**Information supplied**:

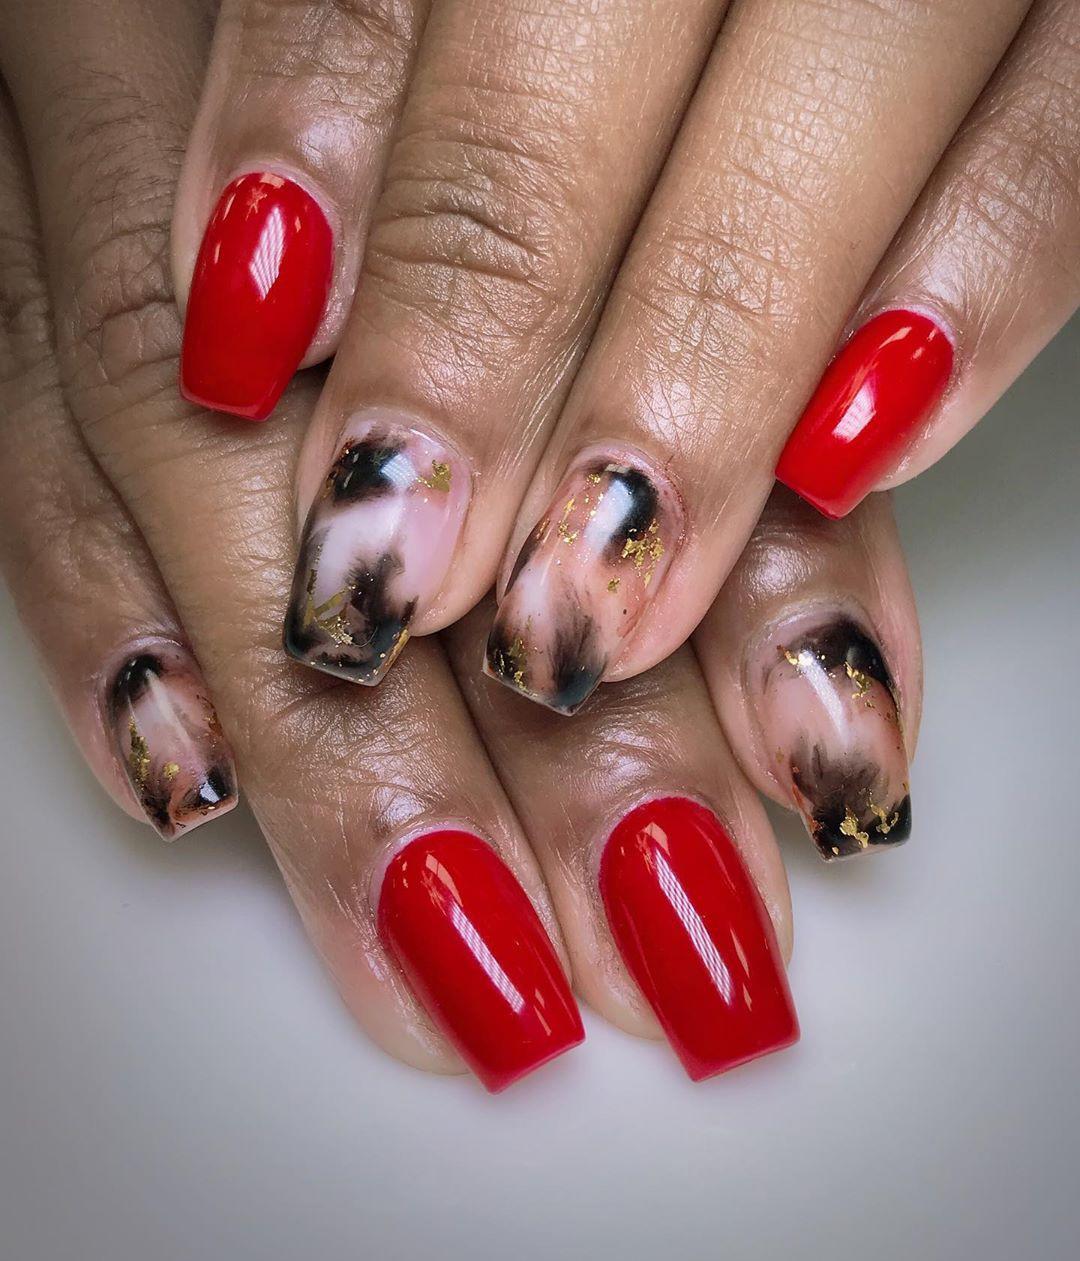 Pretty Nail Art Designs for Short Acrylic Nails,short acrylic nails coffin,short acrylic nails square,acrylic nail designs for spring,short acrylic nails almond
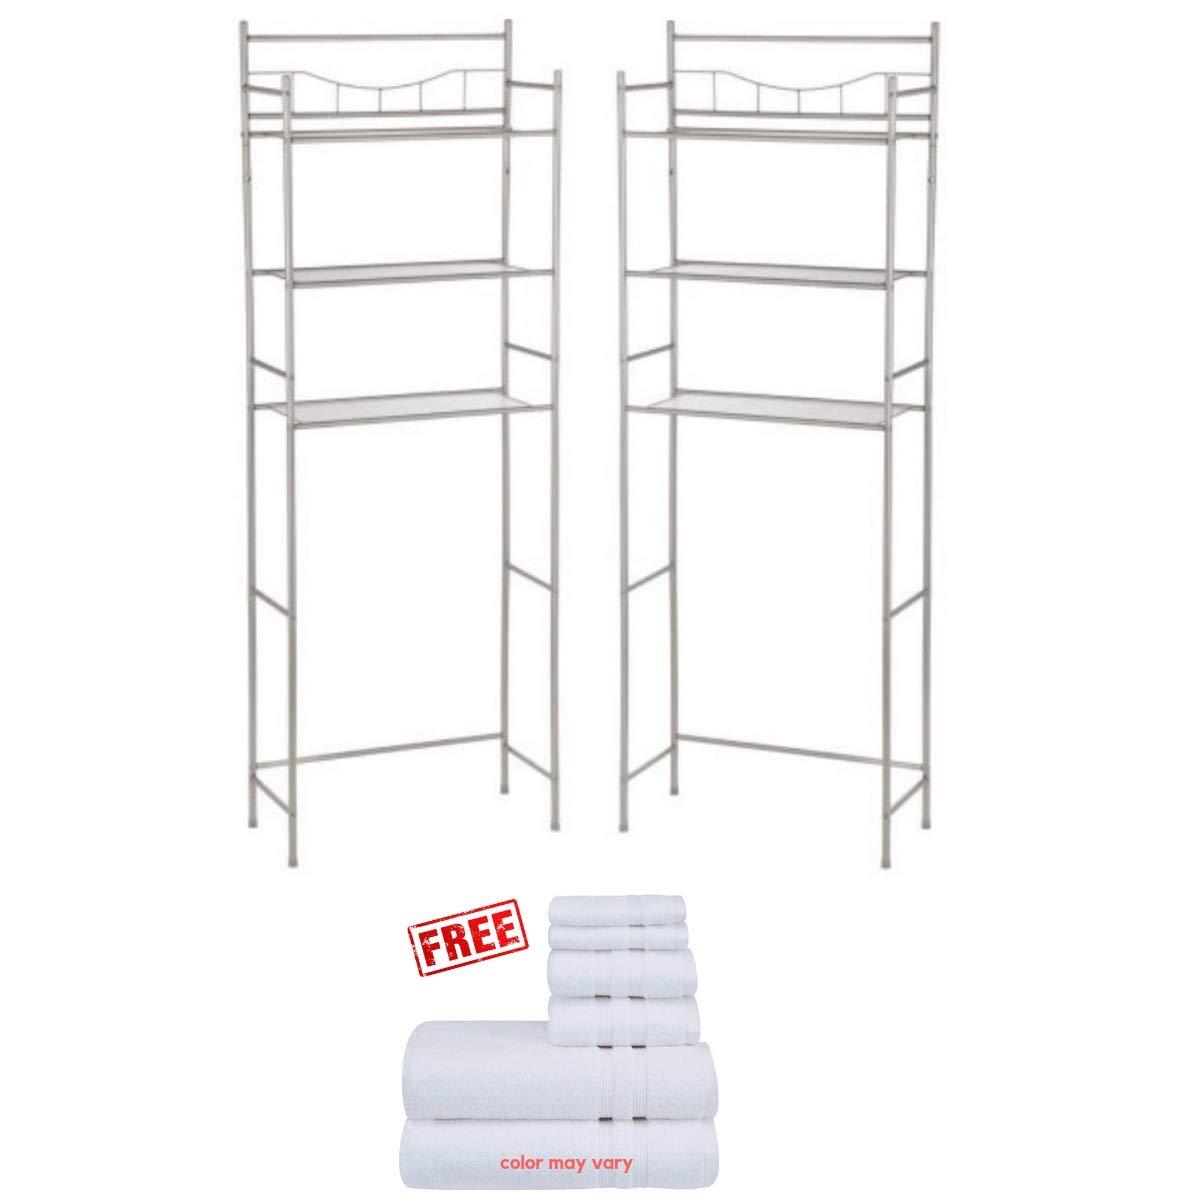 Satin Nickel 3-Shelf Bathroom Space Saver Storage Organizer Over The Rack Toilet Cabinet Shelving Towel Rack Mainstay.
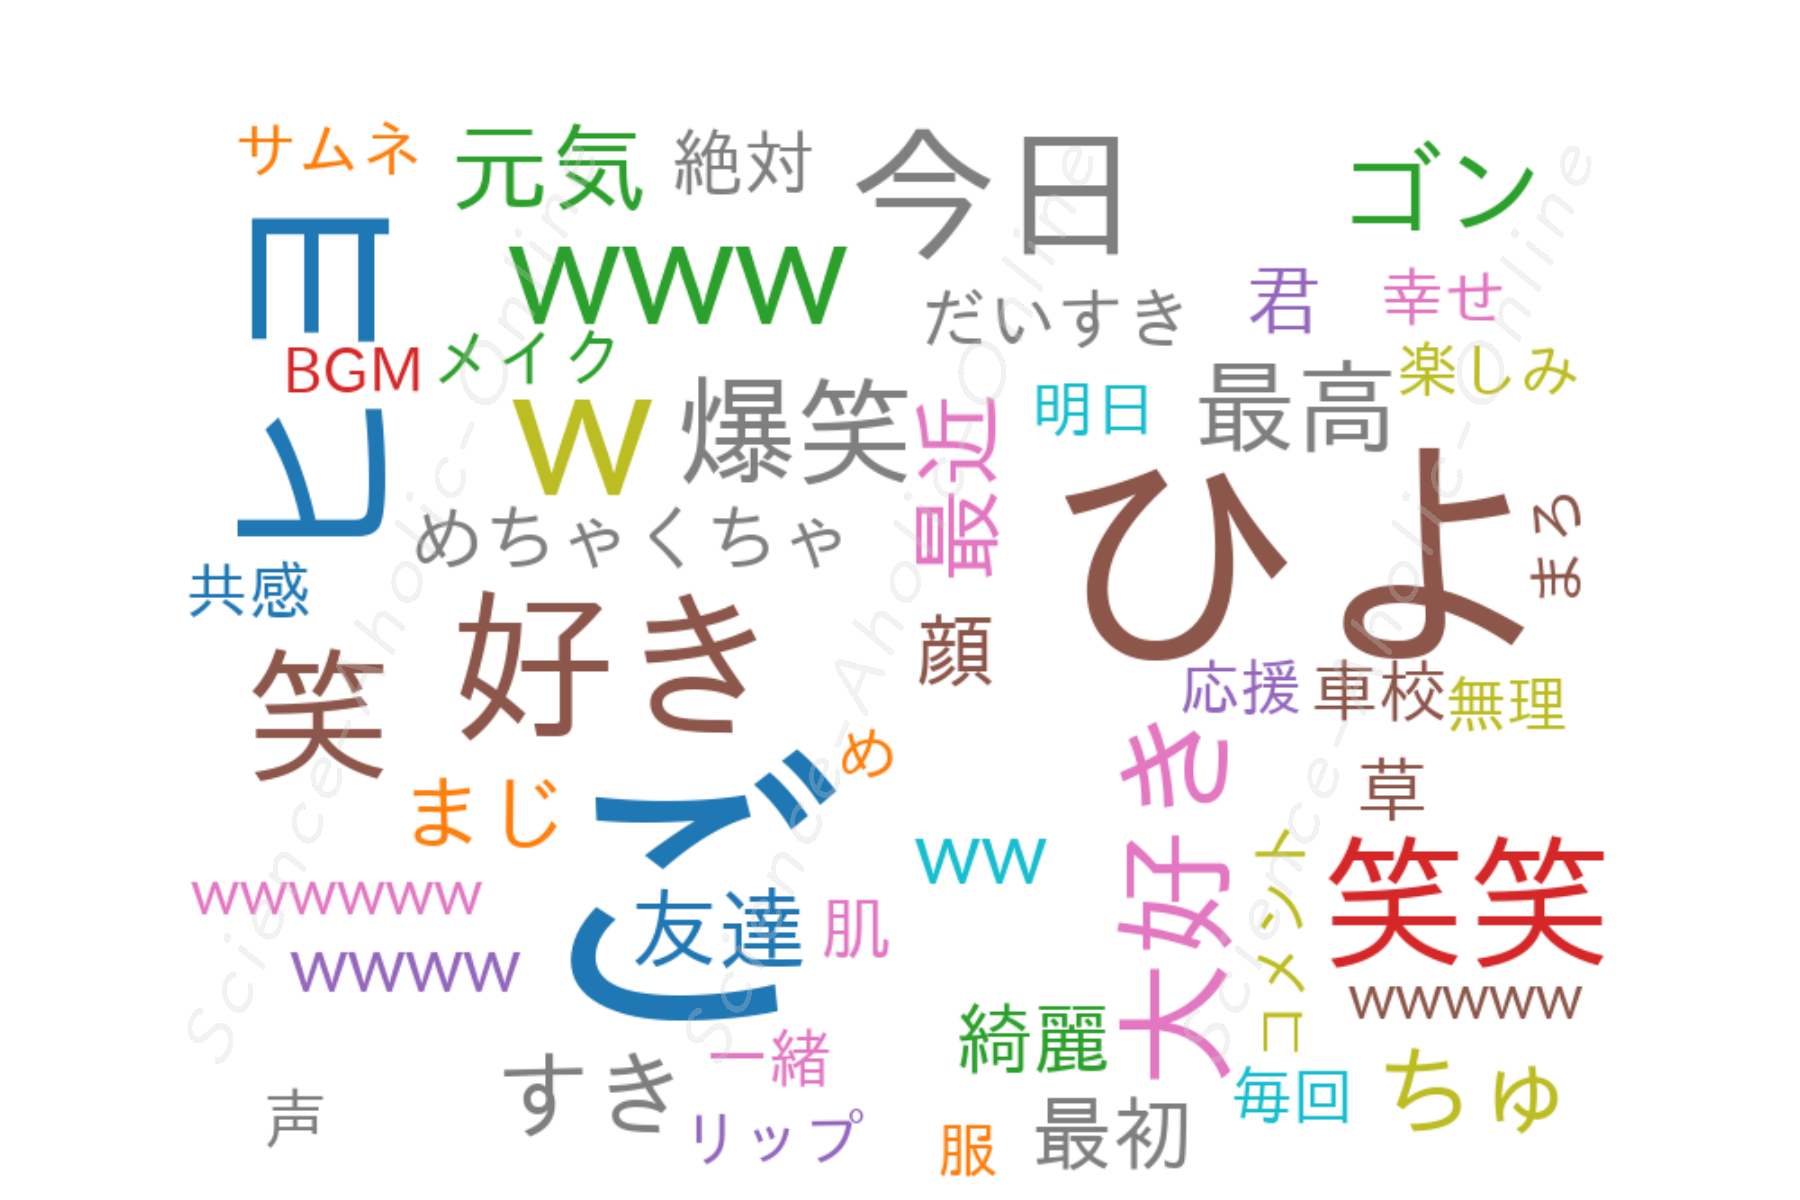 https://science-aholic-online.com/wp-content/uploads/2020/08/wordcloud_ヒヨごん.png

**About this task**: Repeat every line of the data above exactly, but drop the pictures.

**Task answer**:
 Pretty Nail Art Designs for Short Acrylic Nails,short acrylic nails coffin,short acrylic nails square,acrylic nail designs for spring,short acrylic nails almond
 Satin Nickel 3-Shelf Bathroom Space Saver Storage Organizer Over The Rack Toilet Cabinet Shelving Towel Rack Mainstay.
 https://science-aholic-online.com/wp-content/uploads/2020/08/wordcloud_ヒヨごん.png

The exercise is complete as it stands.